Statistics for Informatics:
Overview

Mick McQuaid

1/10/23

Week ZERO

Pre-Intro

Two things: deterministic and stochastic processes

  • deterministic process: If you repeat it, you get the same result, e.g., add two numbers together
  • stochastic process: If you repeat it, you may get different results, e.g., generate a random normally distributed dataset

Two things: probability and stats

  • probability: originated with gambling, trying to guess a single outcome from a known distribution
  • stats: “originated” mostly with farming, trying to infer general knowledge from small samples of crops

Two things: frequentists and bayesians

  • The frequentist approach deals with long-run probabilities (ie, how probable is this data set given the null hypothesis), whereas the Bayesian approach deals with the probability of a hypothesis given a particular data set.
  • Bayesian analysis incorporates prior information into the analysis, whereas a frequentist analysis is purely driven by the data.
  • The Bayesian approach can calculate the probability that a particular hypothesis is true, whereas the frequentist approach calculates the probability of obtaining another data set at least as extreme as the one collected (giving the \(p\) value).
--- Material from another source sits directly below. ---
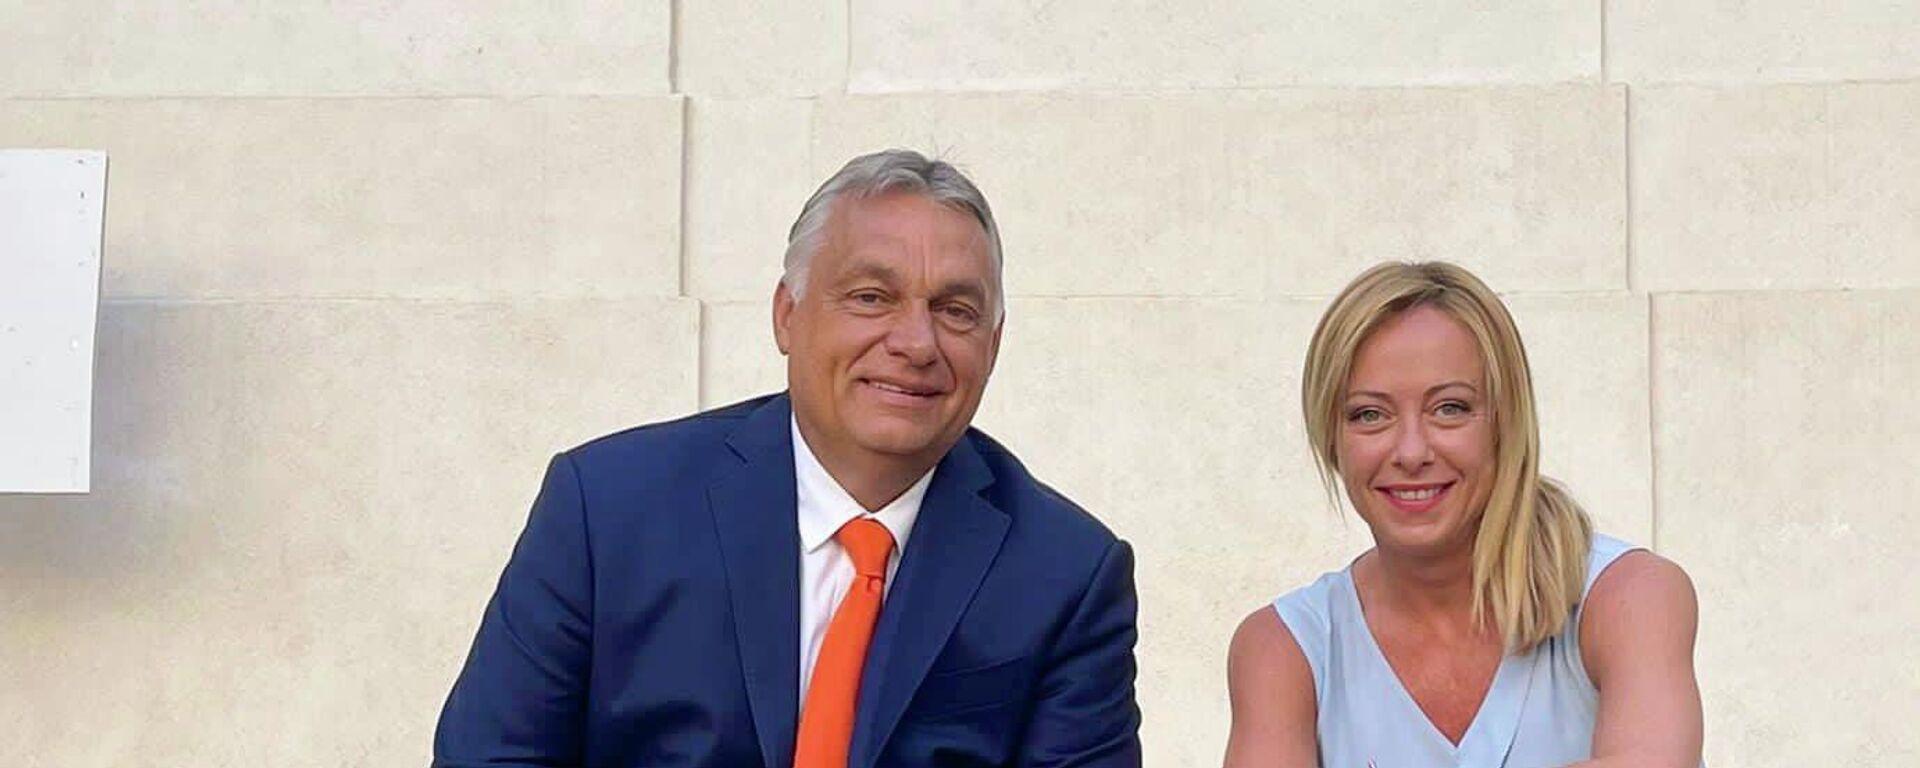 Viktor Orbán e Giorgia Meloni - Sputnik Italia, 1920, 28.08.2021

Two things: description and inference (okay, three: also prediction)

  • description: find a number or numbers or picture that summarizes data
  • inference: understand the machinery of cause and effect
  • prediction: guess a future event based on a sample of past events

Two things: statisticians and stats users

  • statisticians: write packages in R
  • stats users: write code to use existing packages in R

Two things: statisticians and data scientists

  • statisticians: use old-fashioned language
  • data scientists: use fashionable language to mean the same thing

Two things: general data and discipline-specific data

  • general data: textbook uses examples from non-IT disciplines
  • discipline-specific data: the last two lectures will cover data specific to data scientists and ux people

The reproducibility crisis and what we’re going to do about it

Scientists have found that most publishable results are not reproducible. Therefore, they have started to use tools like Quarto to make research reproducible. We’ll use Quarto to make our results reproducible.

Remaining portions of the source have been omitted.